Prevention and Treatment Research to Address HIV/AIDS Disparities in Women

NIH Guide Number: RFA-MD-18-004

Council Date: June 6, 2017

Objectives

This initiative will support health services and intervention research projects to understand and reduce racial/ethnic, geographic, and socioeconomic HIV disparities in US women.

Description of Initiative

This initiative will support projects to address racial/ethnic, geographic, and socioeconomic HIV disparities in US women. Projects may include intervention research to test new or adapted interventions, health services research to examine the effectiveness of exisiting programs or services, or implementation research to examine the uptake and sustainability of evidence-based interventions or practices. Projects may focus on HIV prevention, screening and diagnosis, and/or treatment. Projects should target documented disparities in HIV incidence, HIV-related service use, and/or morbidity and mortality among women from populations experiencing health disparities. Studies that address intersectionality across multiple population experiencing health disparities are encouraged (e.g. rural/urban status among African Americans).
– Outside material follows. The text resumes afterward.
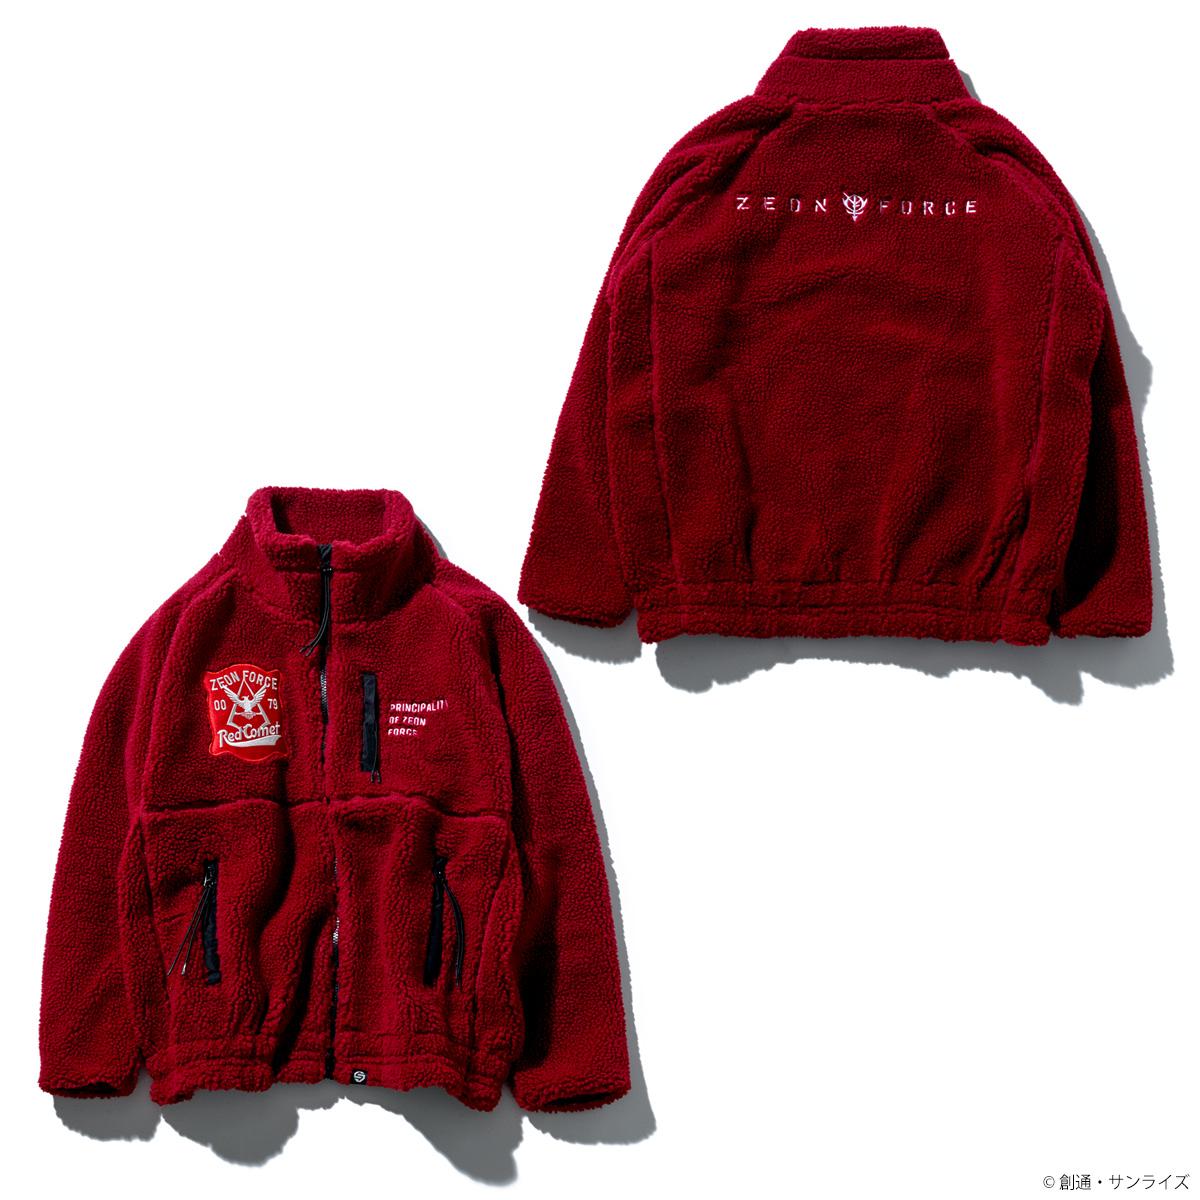 STRICT-G 『機動戦士ガンダム』ボアフリースジャケット RED COMETモデル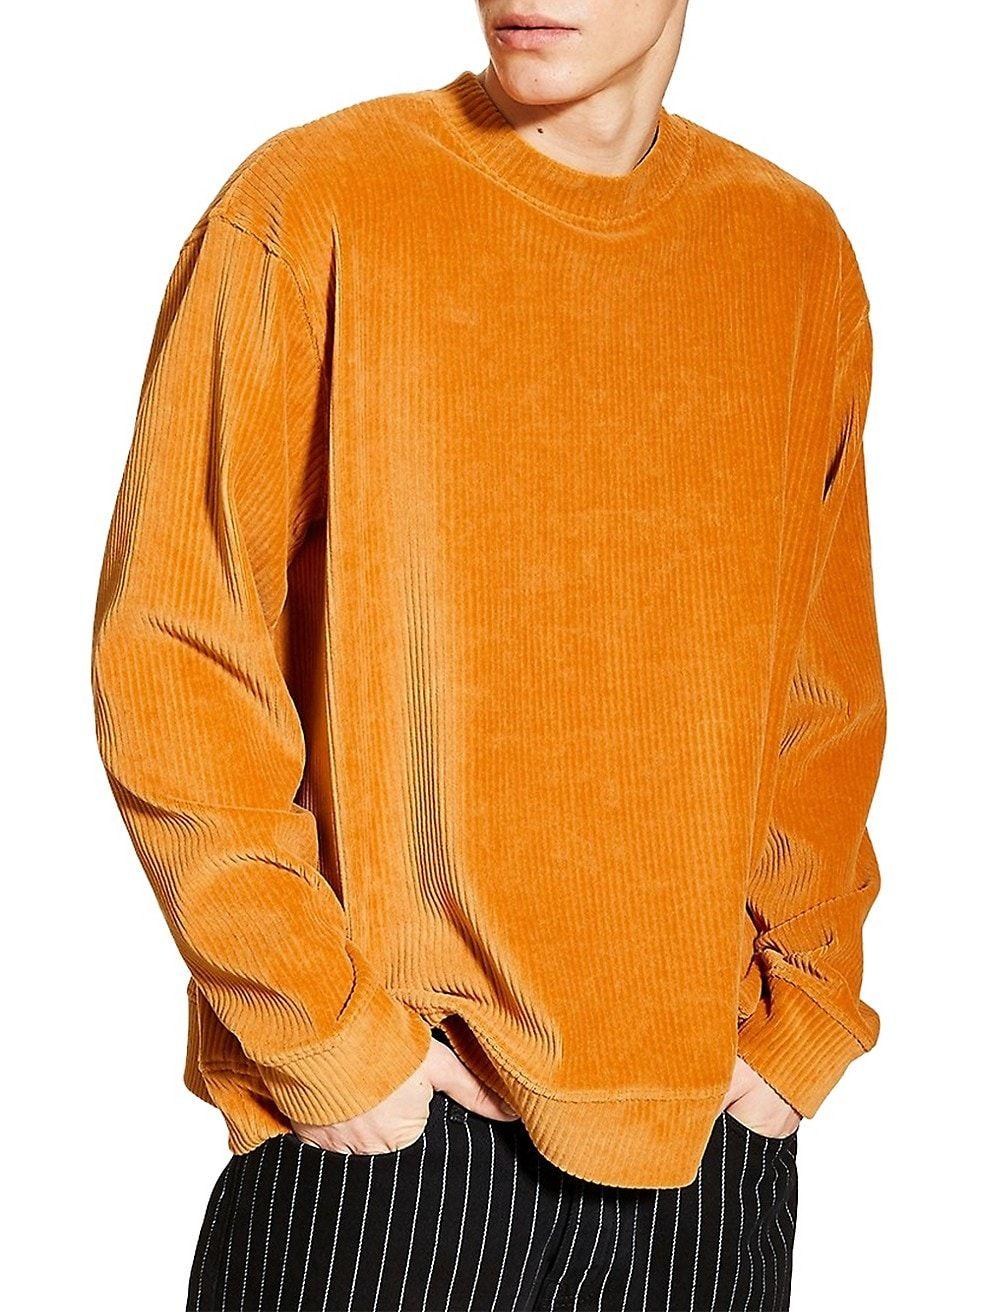 Topman Corduroy Velour Sweatshirt Mens Thebay Indie Clothing Mens Tee Shirt Designs Indie Outfits [ 1312 x 984 Pixel ]

Areas of specific interest include but are not limited to the following topics as they pertain to women from populations experiencing health disparities:

  • HIV prevention programs that address specific risk factors among women, including access to care, poverty, adverse childhood experiences, trauma exposure, interpersonal violence, substance use, cultural beliefs, gender roles, and stigma.
  • Strategies to encourage routine HIV testing among women in primary care and OB/GYN settings as well as settings that serve high risk women, including women’s shelters, mental health and substance treatment settings, and criminal justice settings.
  • System, clinician, and/or patient-level strategies to retain women in the HIV care continuum in primary care, OB/GYN, and HIV-specific service settings.
  • Implementation science approaches to inform the adoption and sustainability of evidence-based interventions and practices to prevent HIV or engage women in HIV care.